Posted to commits@kudu.apache.org by ad...@apache.org on 2019/10/09 18:33:14 UTC
[kudu] 02/02: webserver: port fix for IMPALA-9001 to Kudu
This is an automated email from the ASF dual-hosted git repository.
adar pushed a commit to branch master
in repository https://gitbox.apache.org/repos/asf/kudu.git
commit c29ee5556a76bda9d8c15ae9b25164296a7d0ad9
Author: Adar Dembo <ad...@cloudera.com>
AuthorDate: Tue Oct 8 16:25:17 2019 -0700
webserver: port fix for IMPALA-9001 to Kudu
It's not a straight cherry-pick because the Impala fix includes a change to
Thrift authn, and because Kudu can leverage EasyCurl to test the change.
Change-Id: I9231677beb5990772736cf349c88f4b2b3344a7c
Reviewed-on: http://gerrit.cloudera.org:8080/14393
Tested-by: Kudu Jenkins
Reviewed-by: Alexey Serbin <as...@cloudera.com>
---
src/kudu/server/webserver-test.cc | 11 +++++++++++
src/kudu/server/webserver.cc | 23 +++++++++++++++++------
2 files changed, 28 insertions(+), 6 deletions(-)

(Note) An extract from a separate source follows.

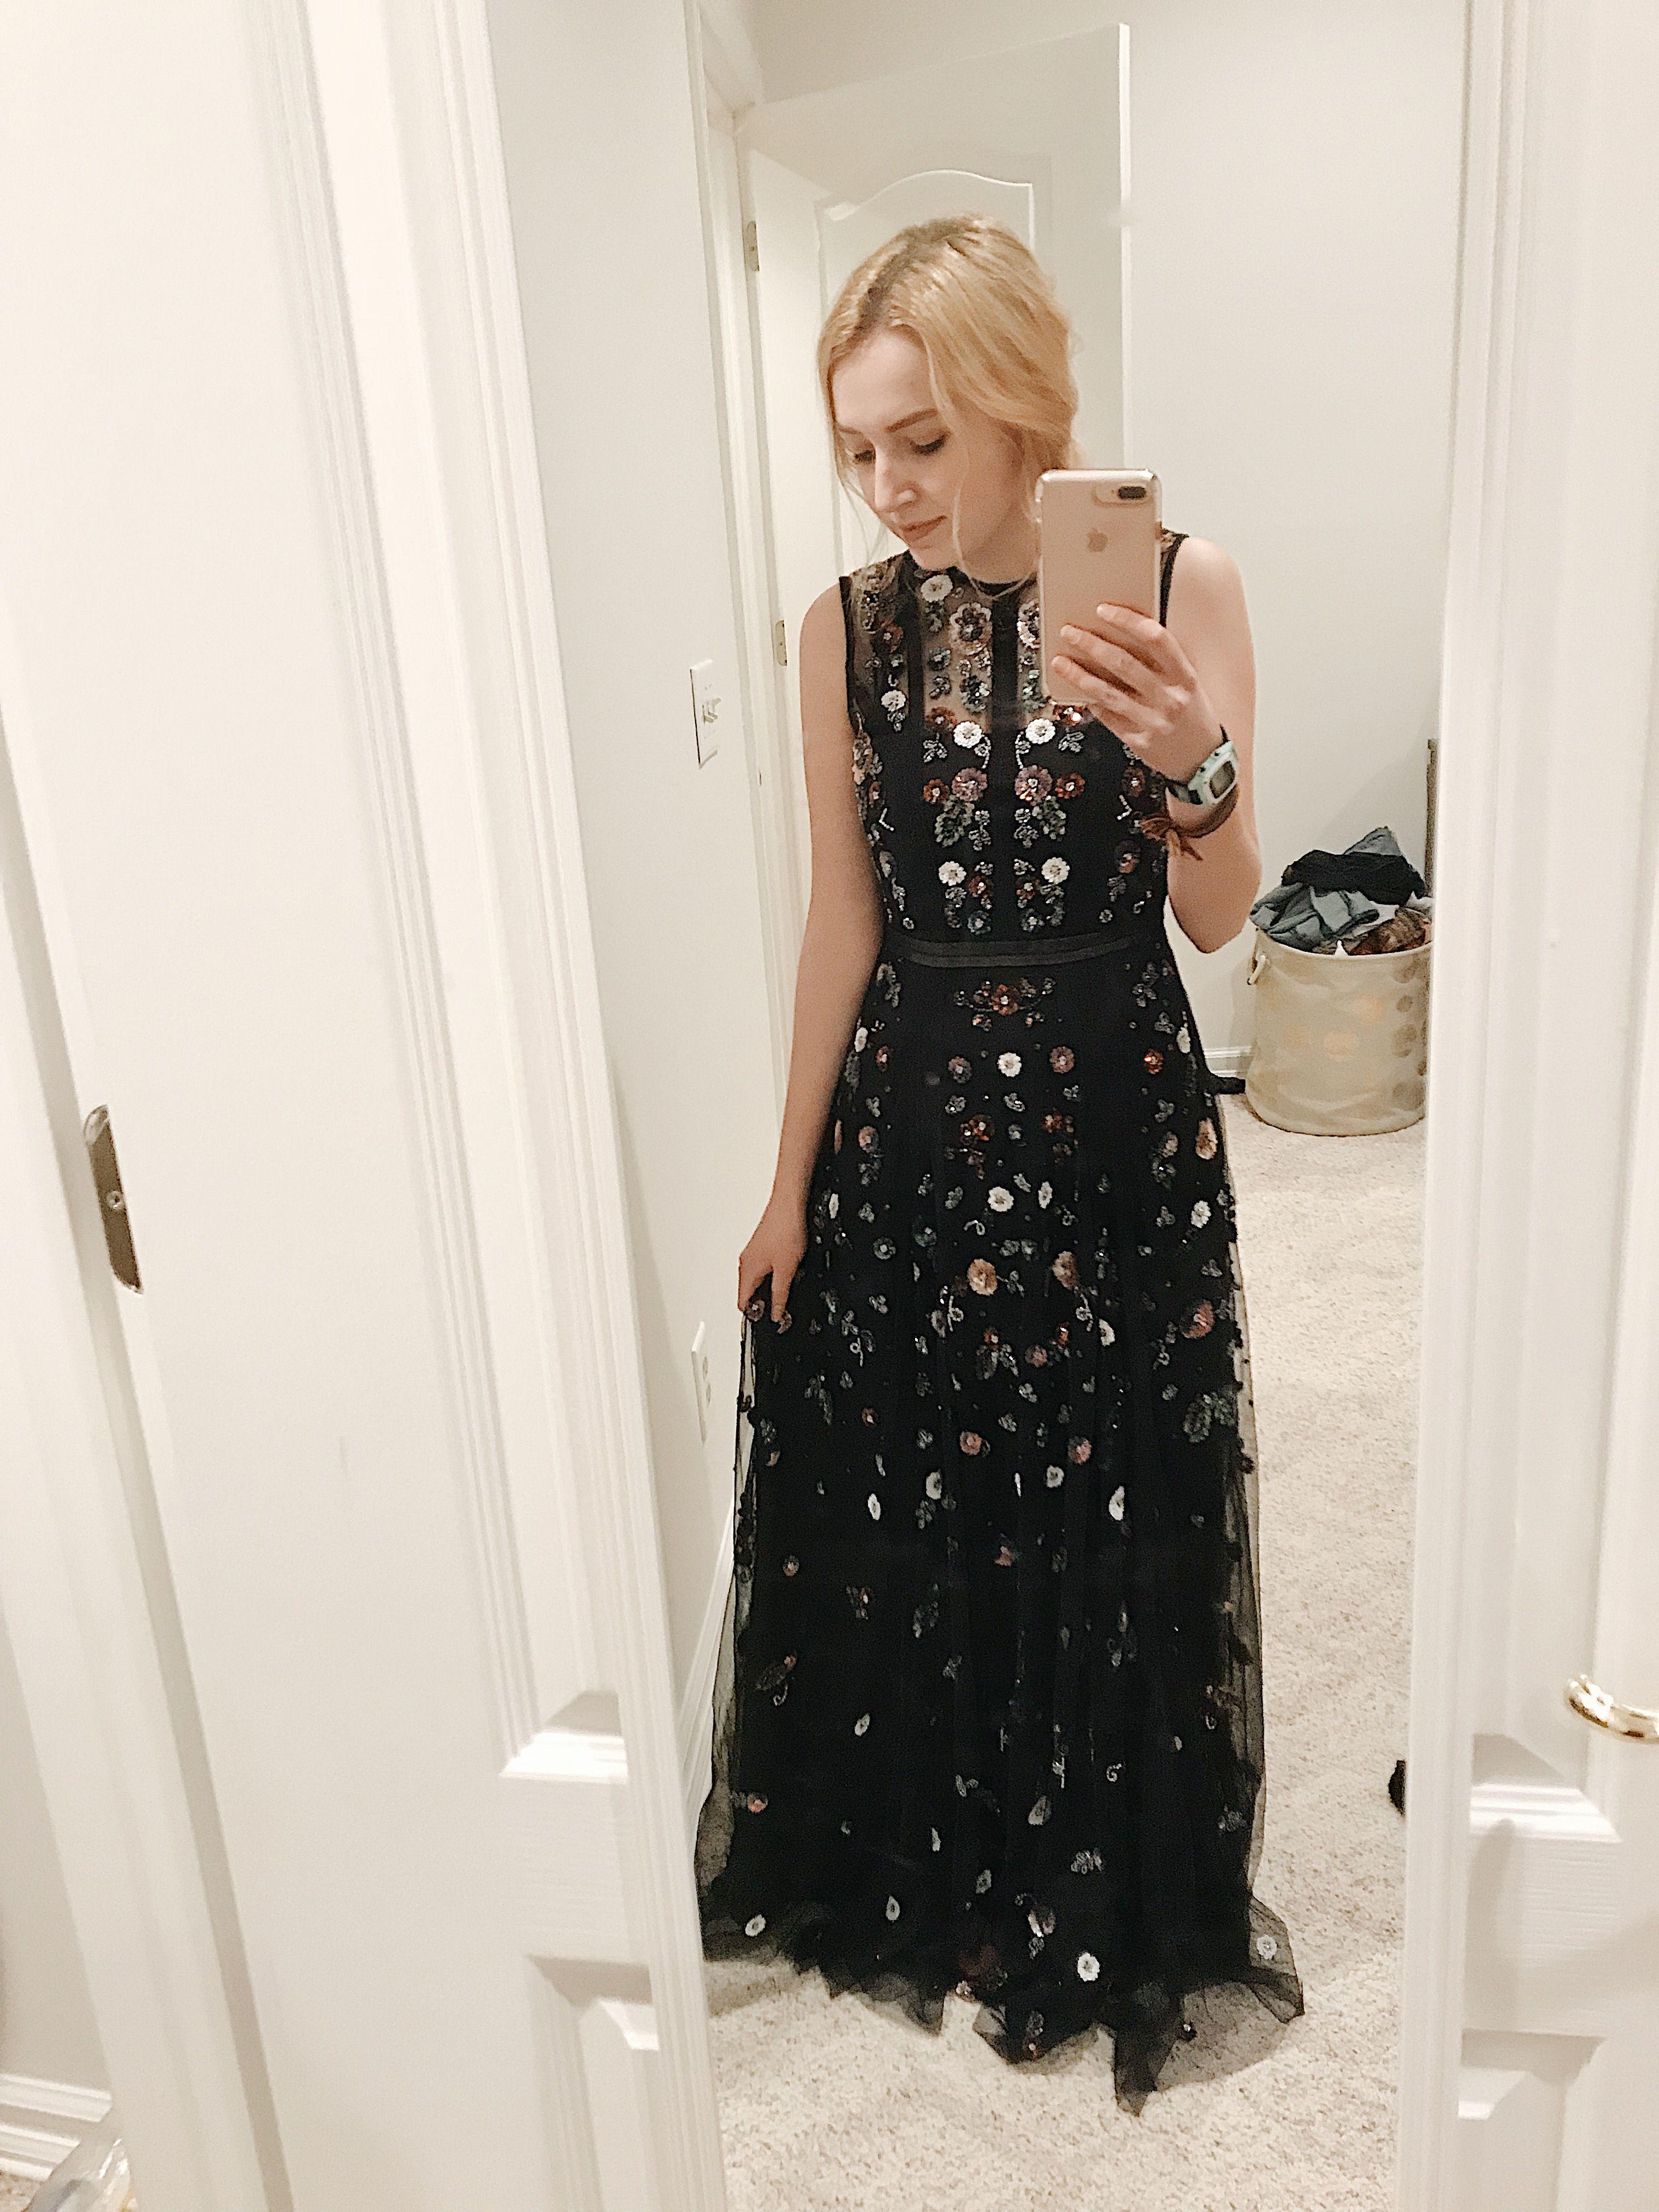 43da9b730872 Pin by maggie elizabeth reynolds🌿 on Prommmmmm | Formal dresses, Dresses,  Gowns

diff --git a/src/kudu/server/webserver-test.cc b/src/kudu/server/webserver-test.cc
index 8266c1c..2581ed0 100644
--- a/src/kudu/server/webserver-test.cc
+++ b/src/kudu/server/webserver-test.cc
@@ -234,6 +234,17 @@ TEST_F(SpnegoWebserverTest, TestInvalidHeaders) {
EXPECT_STR_CONTAINS(buf_.ToString(), "Invalid token was supplied");
}
+// Test that if no authorization header at all is provided, the response
+// contains an empty "WWW-Authenticate: Negotiate" header.
+TEST_F(SpnegoWebserverTest, TestNoAuthHeader) {
+ const string& url = strings::Substitute("http://$0/", addr_.ToString());
+ EasyCurl c;
+ c.set_return_headers(true);
+ ASSERT_EQ(c.FetchURL(url, &buf_).ToString(),
+ "Remote error: HTTP 401");
+ ASSERT_STR_CONTAINS(buf_.ToString(), "WWW-Authenticate: Negotiate\r\n");
+}
+
// Test all single-bit-flips of a well-formed token, to make sure we don't
// crash.
//
diff --git a/src/kudu/server/webserver.cc b/src/kudu/server/webserver.cc
index 794aa26..7e34cd5 100644
--- a/src/kudu/server/webserver.cc
+++ b/src/kudu/server/webserver.cc
@@ -139,17 +139,28 @@ Sockaddr GetRemoteAddress(const struct sq_request_info* req) {
}
-// Performs a step of SPNEGO authorization by parsing the HTTP Authorization header
-// 'authz_header' and running it through GSSAPI. If authentication fails or the header
-// is invalid, a bad Status will be returned (and the other out-parameters left untouched).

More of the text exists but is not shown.